The complexity of the epibiont community on the skin of manatees, the lack of information on the physical variables of the substrate (skin), the physicochemical variability of water between localities, and the lack of homogeneity in age and sex of the 11 manatees sampled, were all factors that restrained the conduct of robust statistical studies with the data obtained to establish unequivocal relationships. Consequently, only percent total abundance figures were used.
RESULTS AND DISCUSSION
A total of 1,353 specimens of 31 taxa were found, belonging to eight phyla (Table 1). The dominant taxa were nematodes (39 %), harpacticoid copepods in naupliar and adult stages (27.3 %), foraminifera of the genus Ammonia (7.6 %) and rotifers of the genus Lecane (8.9 %). Large amounts of microalgae directly interacting were also observed (i. e., pennate diatoms) that were neither identified nor quantified.
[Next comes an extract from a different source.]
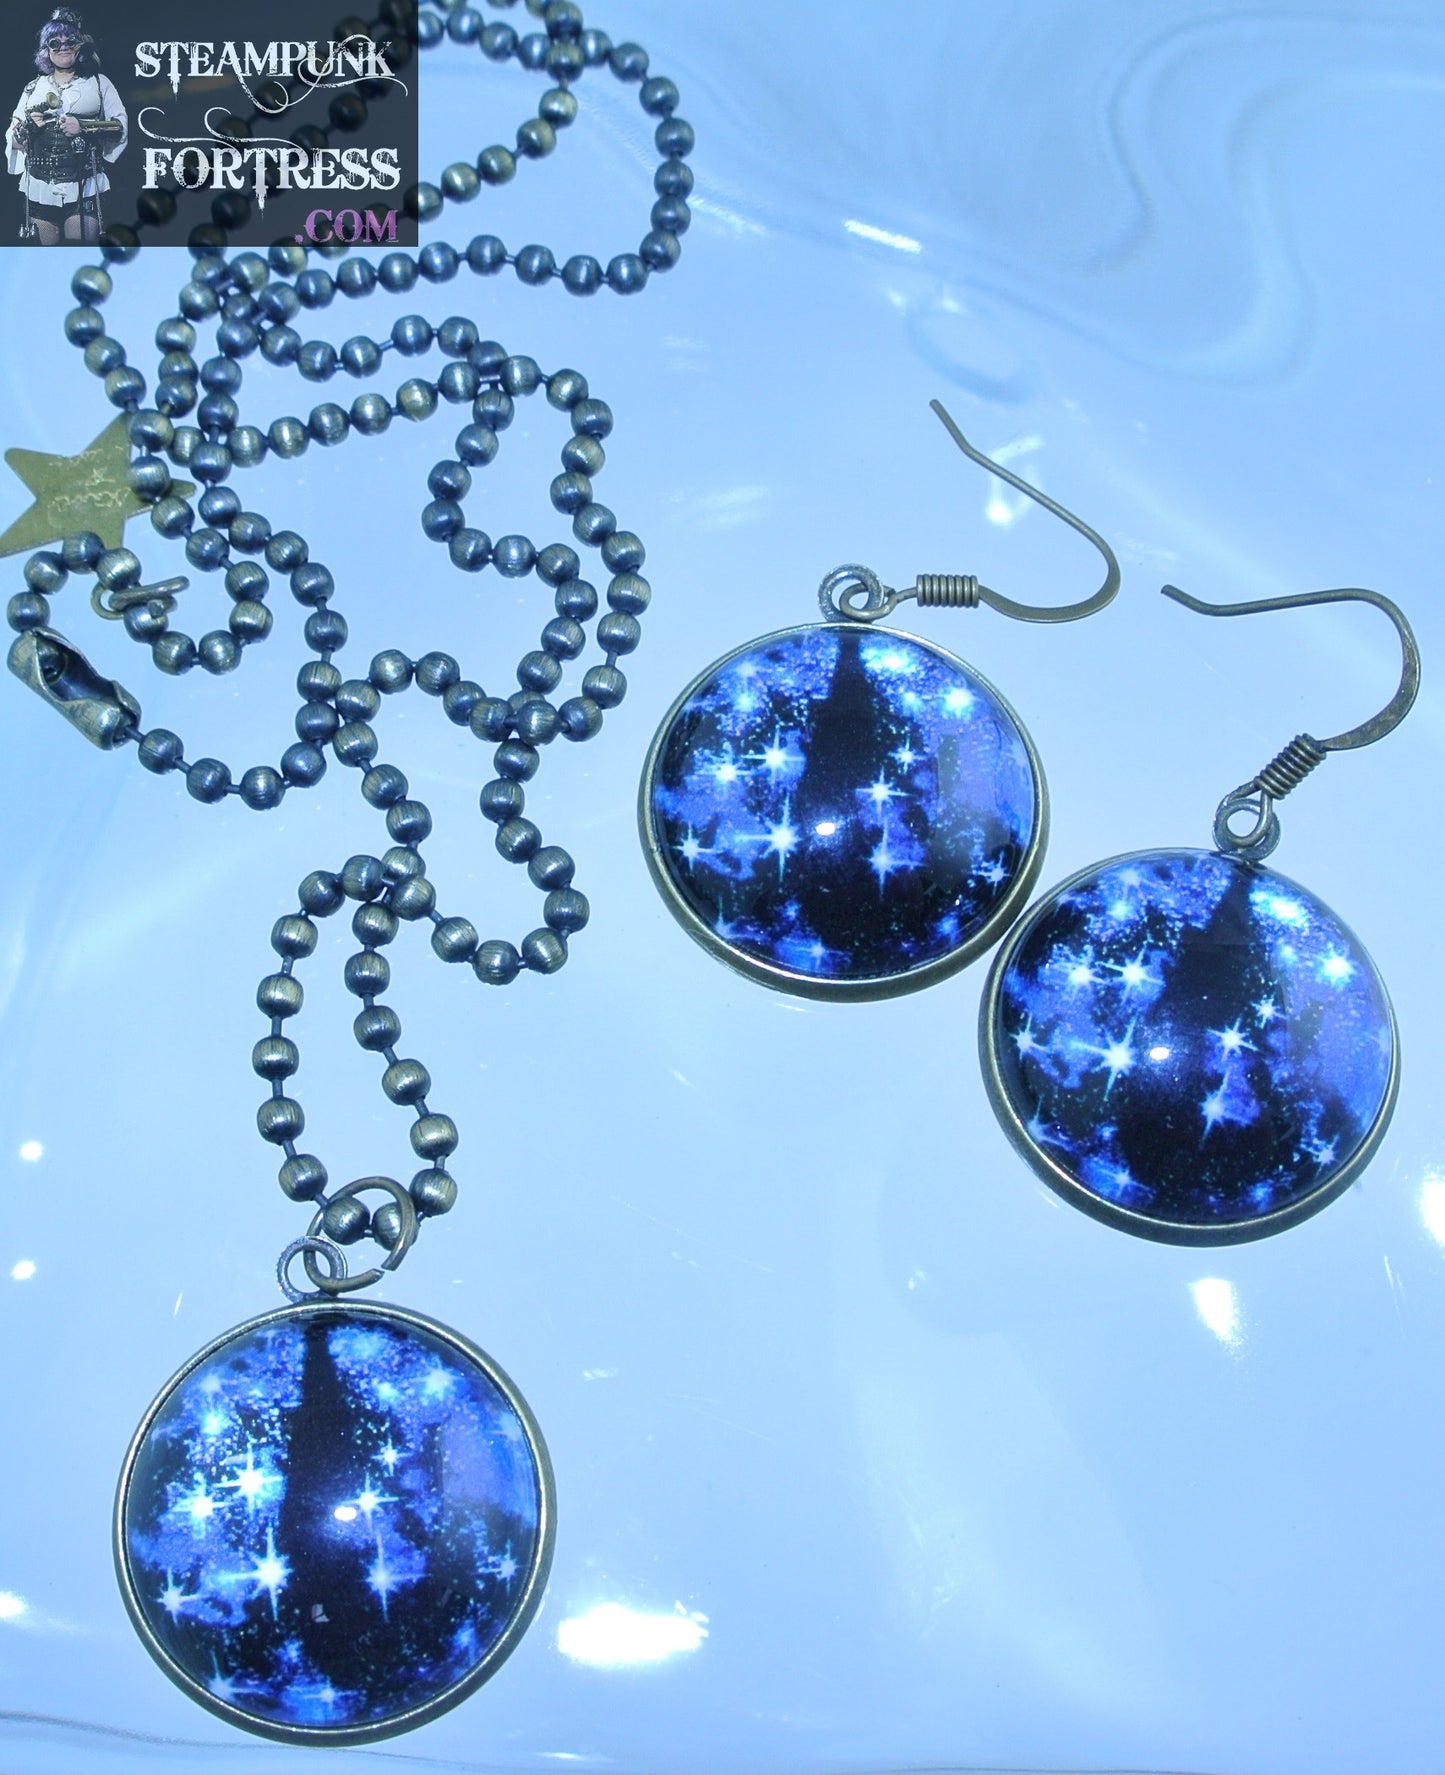 BRASS EYE BLUE WORLD IN YOUR EYES GALAXY BLACK CAT DRAGON LIZARD PUPIL 20MM NECKLACE SET AVAILABLE HALLOWEEN COSPLAY COSTUME STARR WILDE STEAMPUNK FORTRESS

1 DD= Dolphin Discovery Puerto Aventuras, XCA = Xcaret, CHE = (CARMA) Chetumal bay, x = Presence, 2r = epibiont interaction previously reported.
The interactions of epibiont crustaceans such as harpacticoid and tanaid copepods have been examined in free-living manatees and are recognized as harmless to the health of the specimens studied despite its prevalence and high abundance. The presence of these crustaceans has not been associated with injured skin that could suggest a parasitic interaction (Morales-Vela et al. 2008; Suárez-Morales et al. 2010). At present, there are three species of harpacticoid copepods (Huys 2016; Violante-Huerta and Suárez-Morales 2016) and two species of tanaid copepods (Bonde 2005; Morales-Vela et al. 2008; Ortiz et al. 2010) that have been reported as well-established manatee epibionts. In addition to the presence of unidentified harpacticoid copepods and the previously recorded tanaid Sinelobus stan-fordi, the present study includes five groups of crustaceans that had not been previously found as manatee epibionts: Cryprididae, Loxoconchidae, Acartia lilljeborgii, Colomastix and Alpheidae. These groups were unrelated to skin injuries in the manatee individuals sampled.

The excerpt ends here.